* _Work item_: Nothing but the lines from the start of the data through the line with "Apparatus, System And" should appear in the answer, each retyped exactly, and pictures should not.

* _Data segment_:
┄┄┄┄┄┄┄┄┄┄

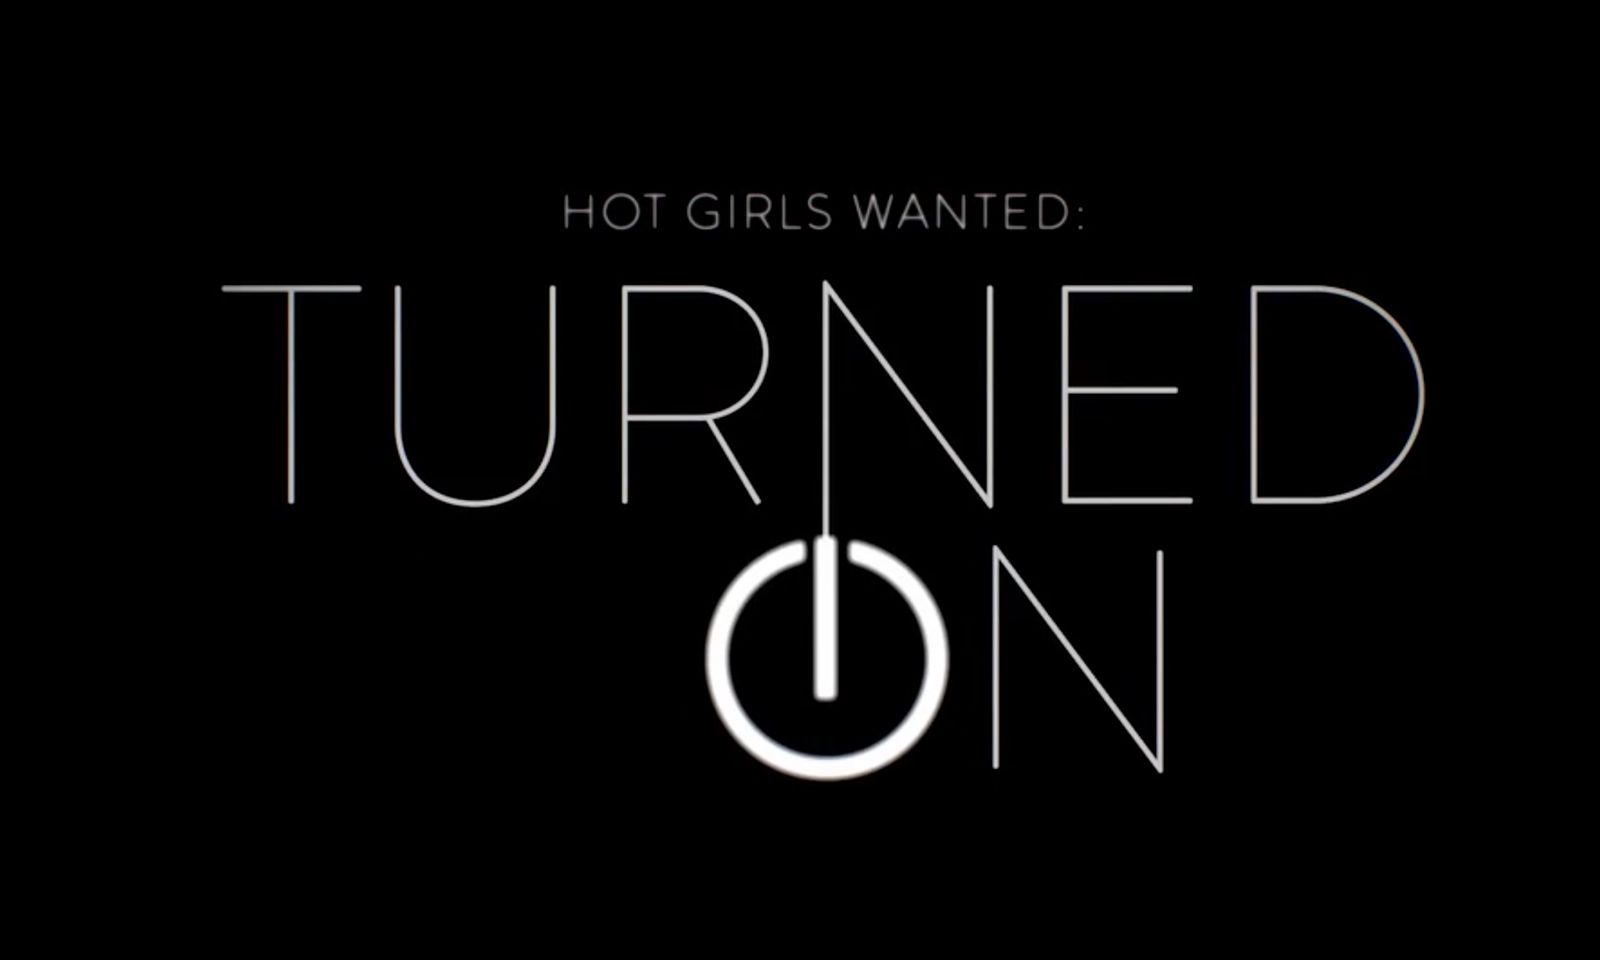 'Hot Girls Wanted': Turned Off—The Industry Responds
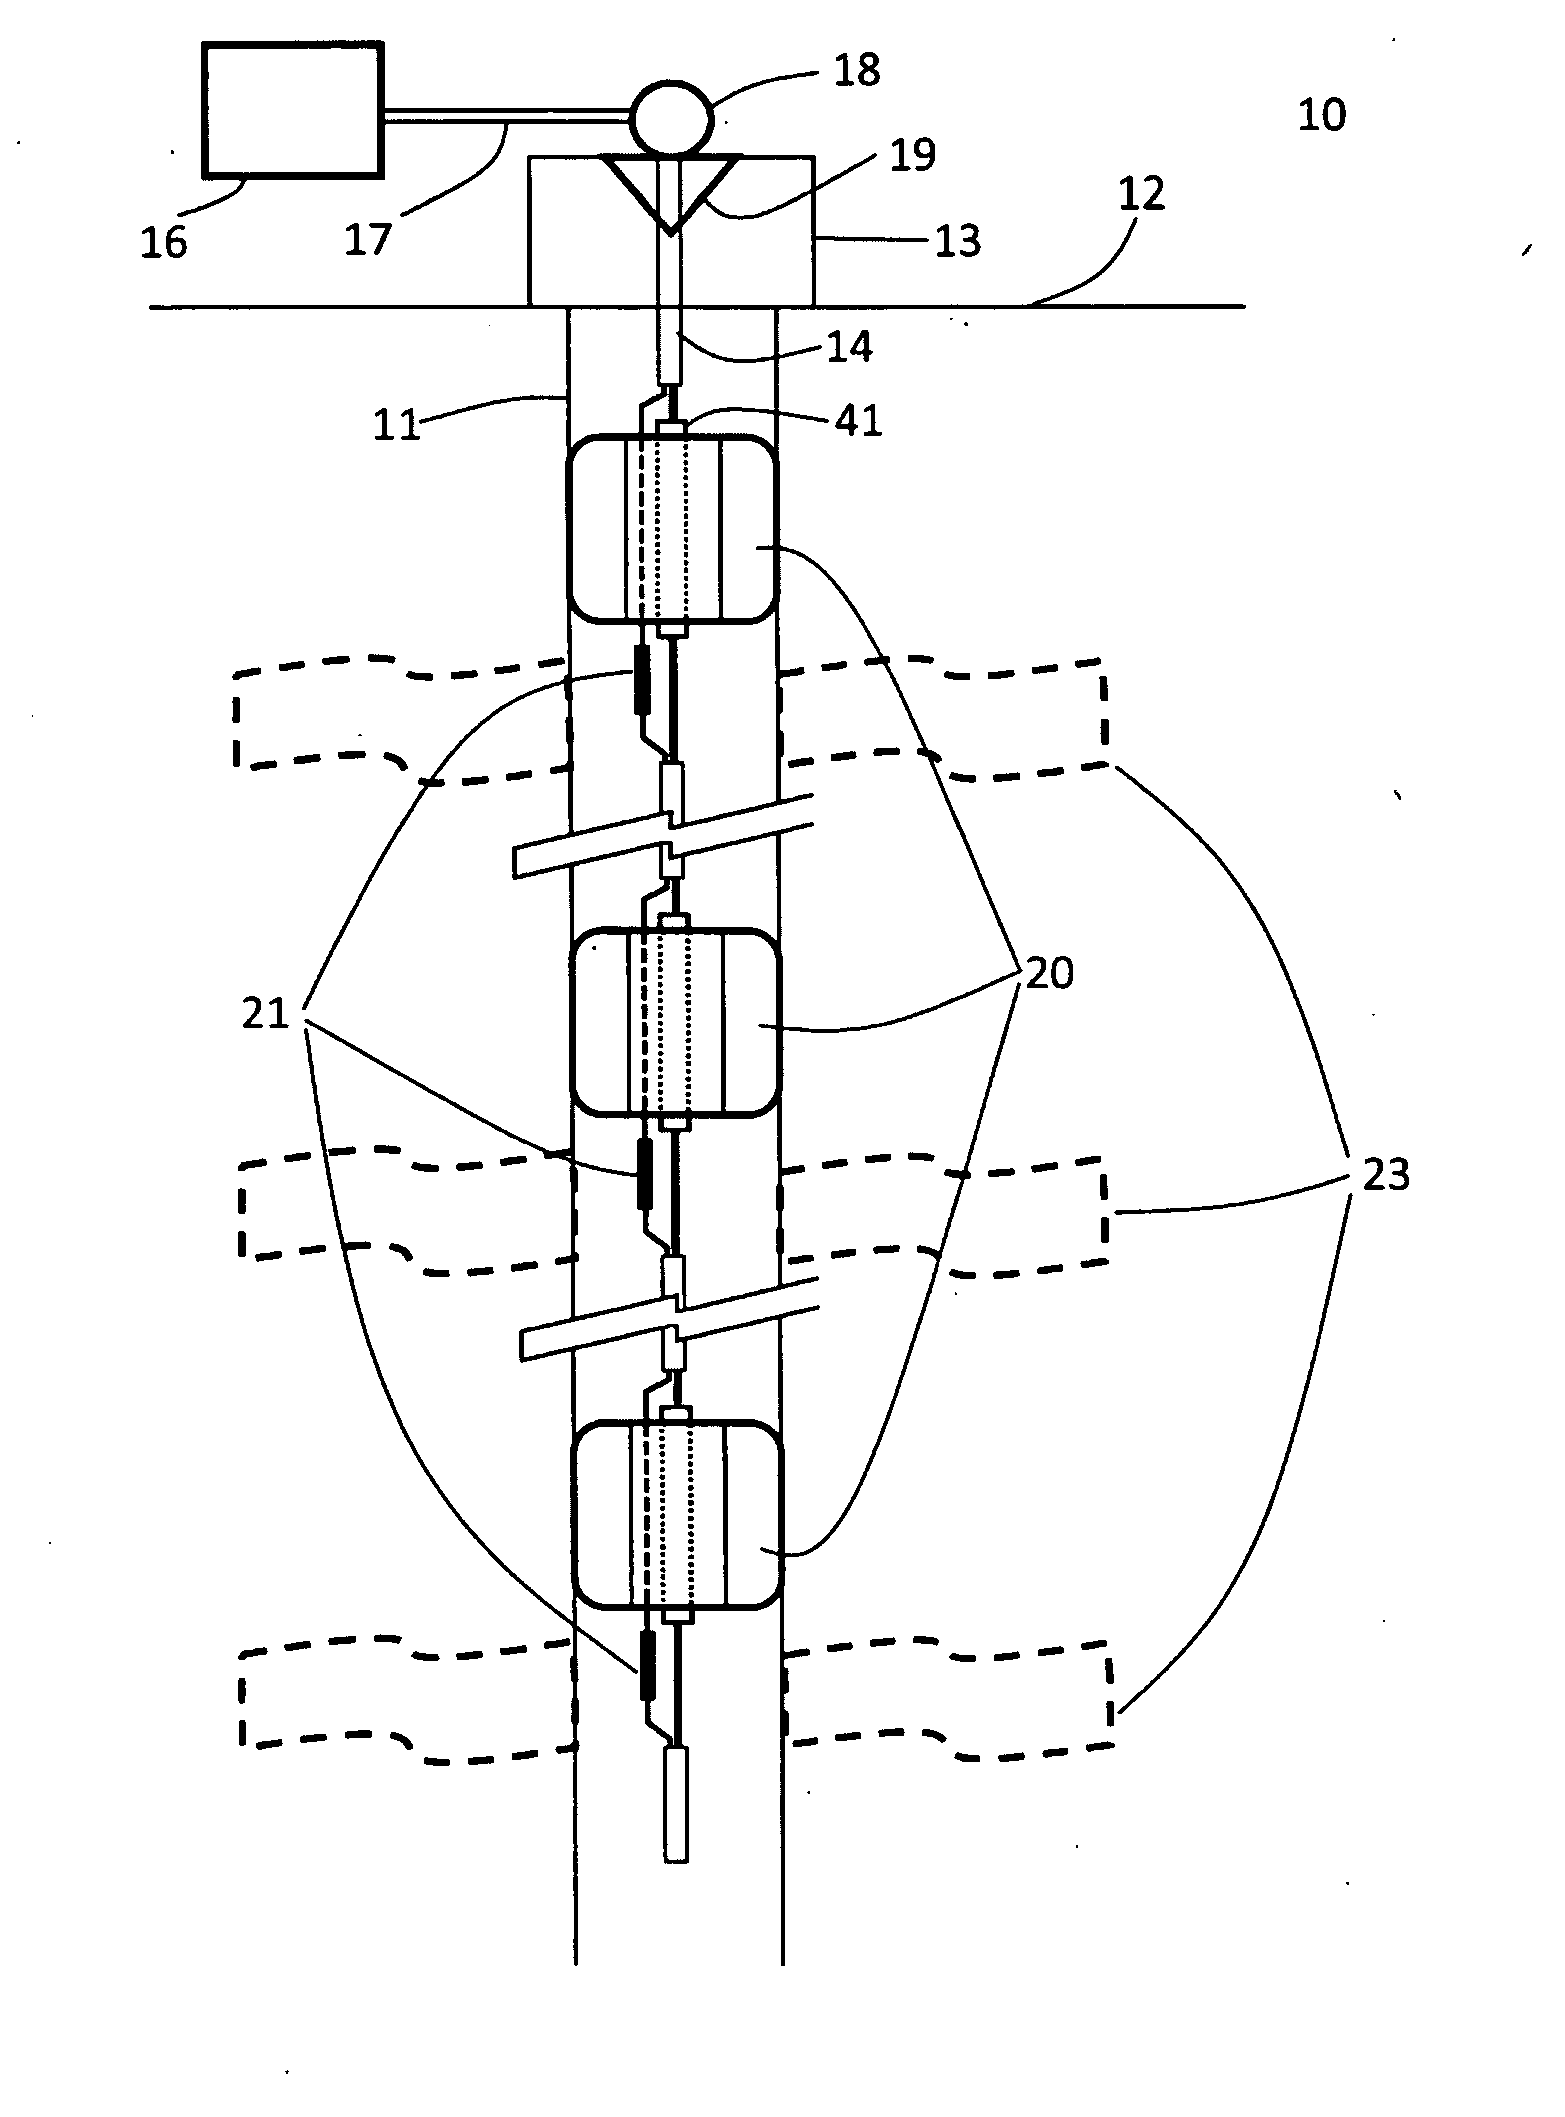 Apparatus, System And Method For Multi Zone Monitoring In Boreholes
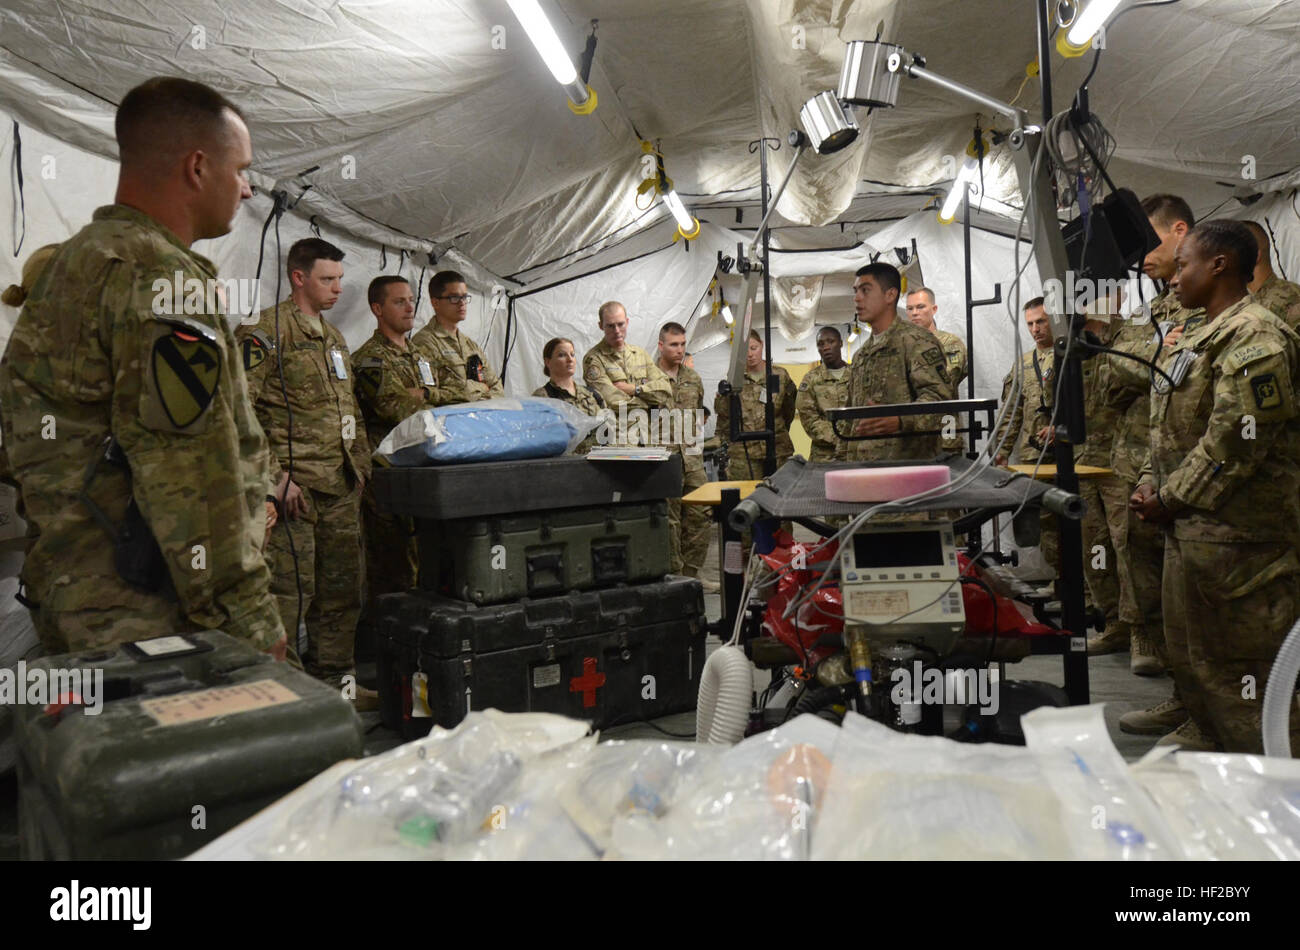 Spc. Daniel Soto, an operating room technician with the 250th Forward Surgical Team from Joint Base Lewis-McChord, Wash., gives a tour of the operating room in the FST's mobile hospital tent to a group of Soldiers from Regional Command-South at Kandahar Airfield, Afghanistan, July 30, 2014. The tour was to give visitors a better idea of the operational capabilities of the FST. (U.S. Army photo by Staff Sgt. John Etheridge) 250th FST sets up portable hospital to demonstrate lifesaving capabilities 140730-Z-BQ261-048 Stock Photo
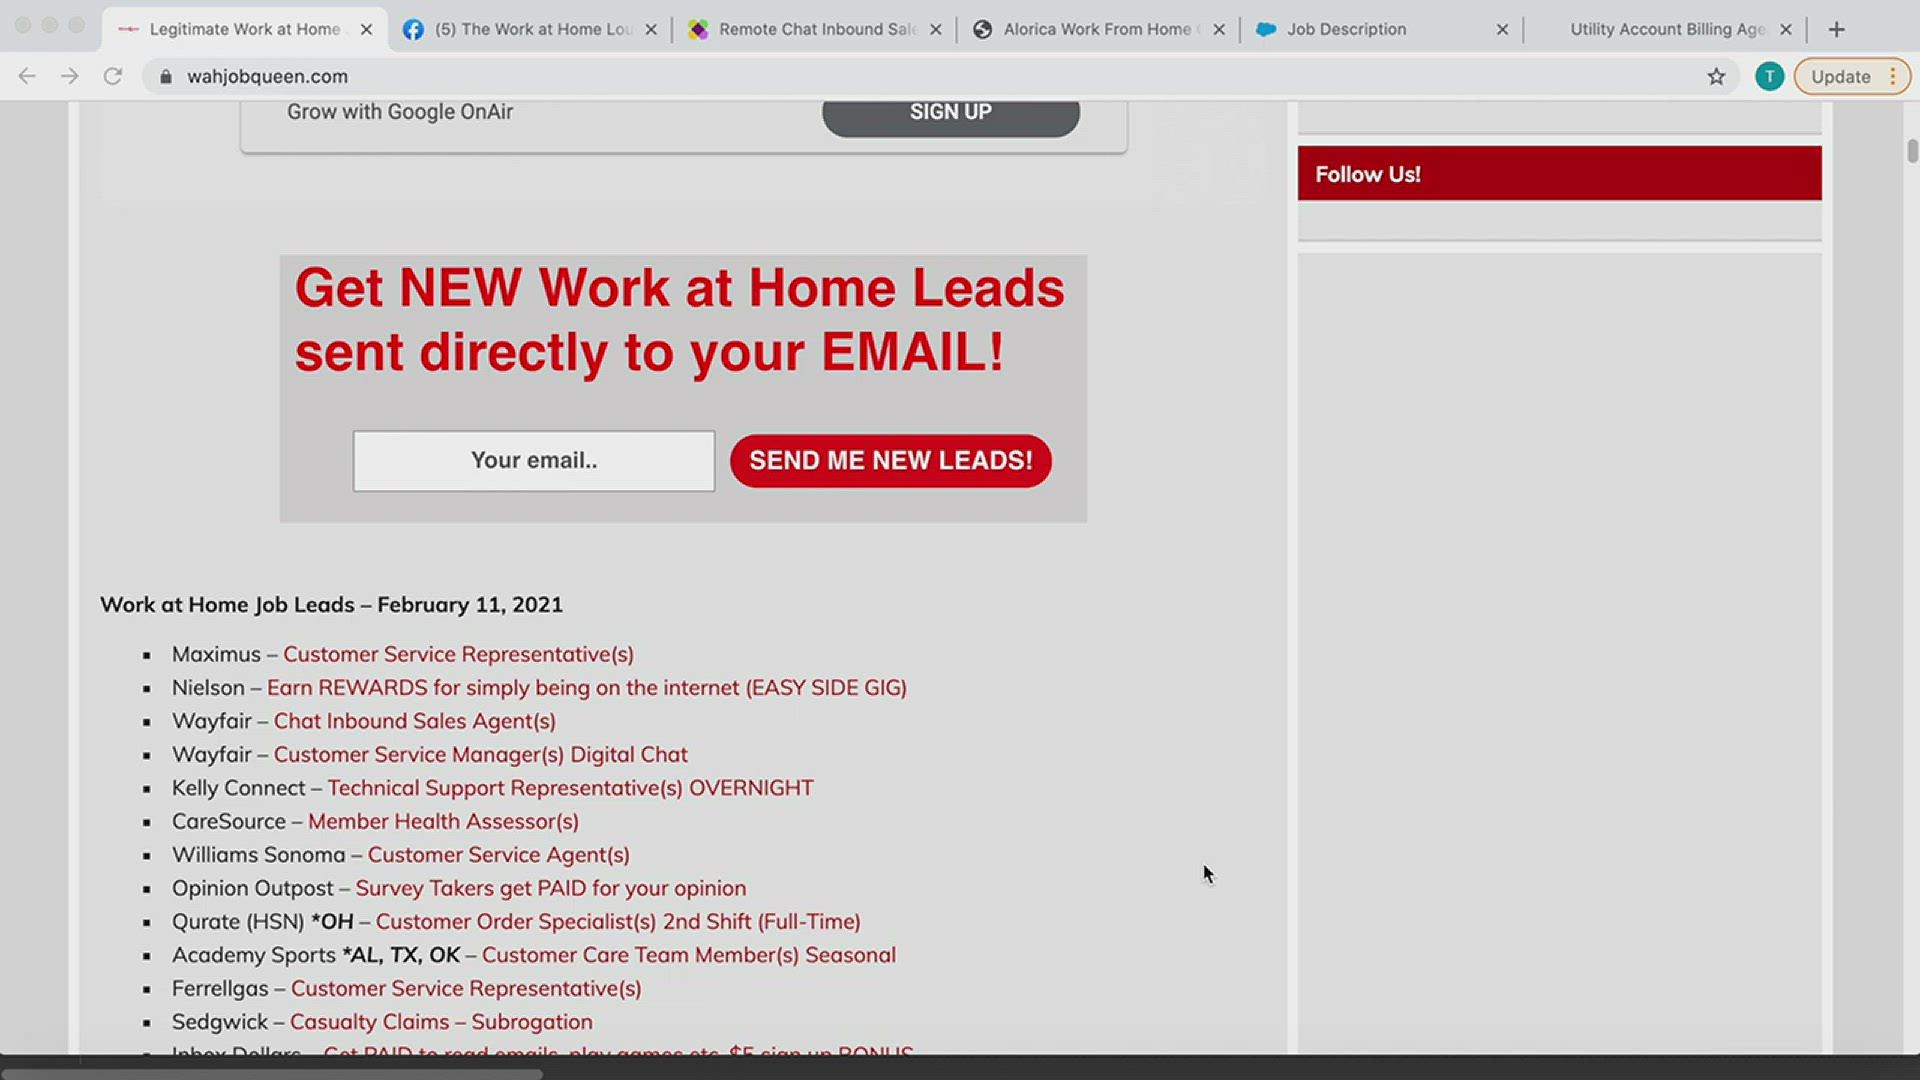 Brand new work from home jobs posted today for Customer Support

┄┄┄┄┄┄┄┄┄┄

* _Response box_:
 'Hot Girls Wanted': Turned Off—The Industry Responds
 Apparatus, System And Method For Multi Zone Monitoring In Boreholes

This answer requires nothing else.